4.2.2. Custom Training Dataset Establishment

Establishing a custom training dataset is a crucial step in fine-tuning the YOLOv4-tiny model for detecting both the UAV and yellow bulb objects in our specific scenario. The dataset should contain a representative sample of images that capture the range of variations in the environment and conditions under which the UGV is required to track the objects.

The dataset was established through a two-step process. First, we manually selected frames from the video footage captured by the UGV using D435i, which contains the UAV in different orientations and locations, and is representative of the scenarios that the UGV would encounter during dynamic UAV tracking. Next, the open source annotation tool LabelImg [34] is was utilized to annotate the dataset by drawing bounding boxes around the UAVs and assigning them the corresponding class labels. The annotated images were split into training and validation sets with a ratio of 4:1. The training set was used to fine-tune the pre-trained YOLOv4-tiny model, while the validation set was used to evaluate the model’s performance during training and determine when to stop training to avoid overfitting. Total 9000 images were utilized to establish the dataset, where each object (the UAV/the yellow bulb) had 2000 training images and 500 validation images, while 4000 background images without target objects were used to train the model to learn the scenario with no objects in the scene, thereby reducing false positive (FP) results and improving the accuracy of the model. To improve the robustness of the model, we also applied data augmentation techniques, such as random scaling, flipping, and rotation, to the training images, as shown in Figure 8. This helped to increase the diversity of the dataset and reduce the likelihood of overfitting.

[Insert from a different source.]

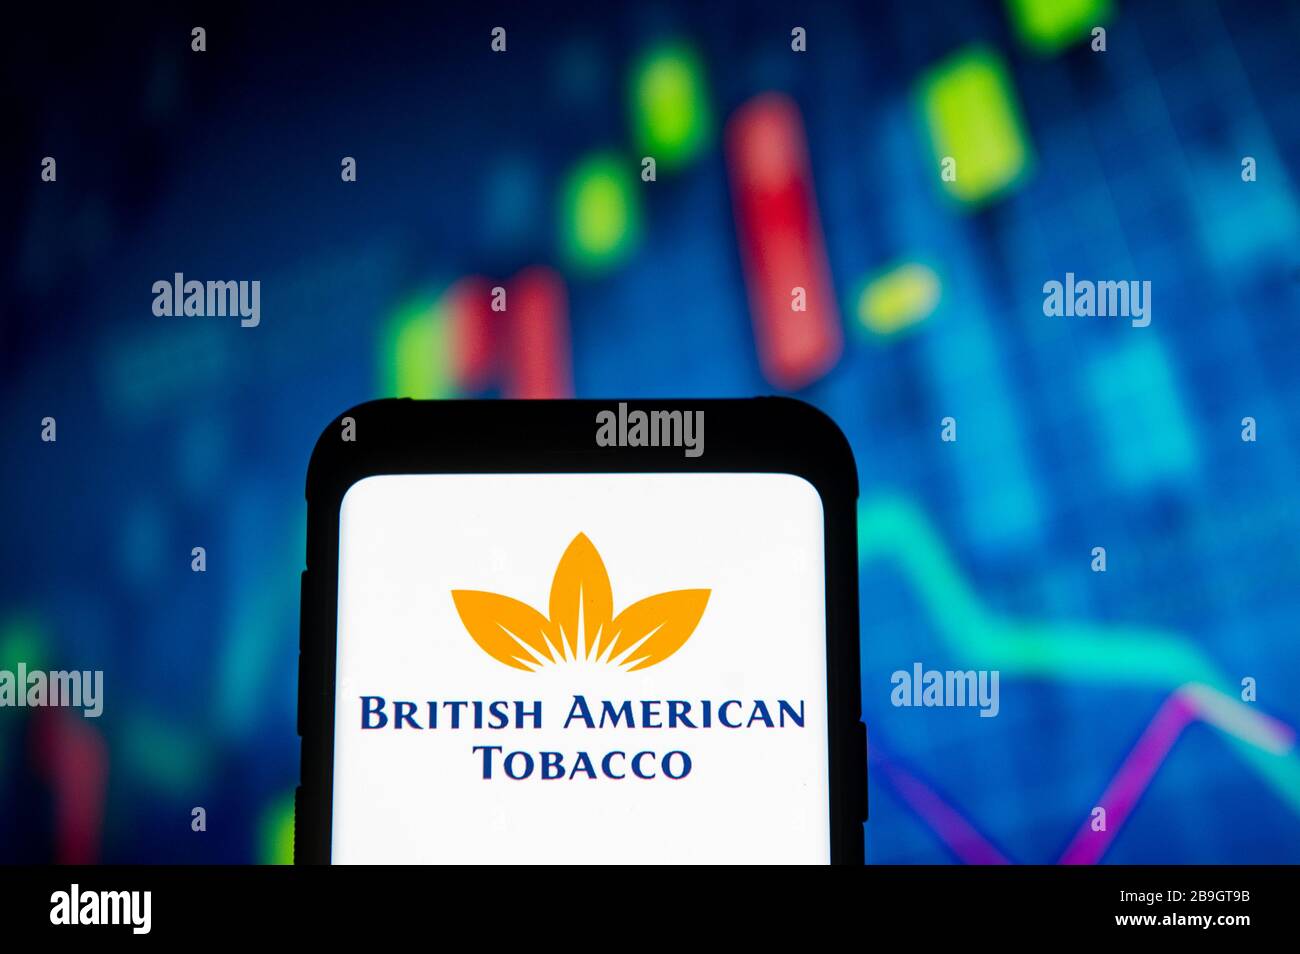 March 23, 2020, Poland: In this photo illustration a British American Tobacco logo seen displayed on a smartphone..A stock market chart is being displayed as the background. (Credit Image: © Mateusz Slodkowski/SOPA Images via ZUMA Wire) Stock Photo

4.3. Three-Dimensional (3D) Position Estimation

After obtaining the 2D bounding box of the UAV in each frame, we used it to generate a region of interest (ROI) in the depth image and point clouds captured by the RGB-D camera and LiDAR, correspondingly. The ROI can help to extract the depth information of the object. Then, the measurement of 3D position was obtained. Then, a Kalman Filter was applied to track the object.

4.3.1. Depth Assignment Based on 2D Bounding Box

The ROI is defined as a rectangular region that is scaled down by a certain ratio relative to the center of the bounding box, which is to ensure that all the extracted depth information comes from object pixels rather than the background. From Section 4.2.1, we used 4 parameters to describe a 2D bounding box

R_{b b}

:

\begin{matrix} R_{b b} = [\begin{matrix} \begin{matrix} b_{x} & b_{y} \end{matrix} & \begin{matrix} b_{w} & b_{h} \end{matrix} \end{matrix}], \end{matrix}

(10)

By applying a scale factor

τ

to

R_{b b}

, the ROI

R_{I}

can be obtained:

R_{I} = [b_{x} b_{y} τ b_{w} τ b_{h}],

(11)

where

τ

is set to 0.25 as an empirical value in the experiments. The ROI on the image plane is shown in Figure 9.

The aligned depth image eliminates invalid depth values in the corresponding ROI and averages the remaining effective pixels to represent the depth in the ROI, that is, the depth of the object from the stereo camera. The calibrated LiDAR can use Equation (3) to convert the 3D point cloud coordinates into the 2D pixel coordinates of the corresponding image and obtain the depth value of the corresponding pixel. Similarly, after removing the outlier, the depth of the ROI can be obtained by averaging the remaining pixel depth values. In case no point cloud data of the UAV is captured by the LiDAR, we can use the depth image to compensate for depth information. Finally, based on the pinhole camera model, the depth value is used to determine its scale, and the 3D position measurement value in the camera frame of the object is obtained.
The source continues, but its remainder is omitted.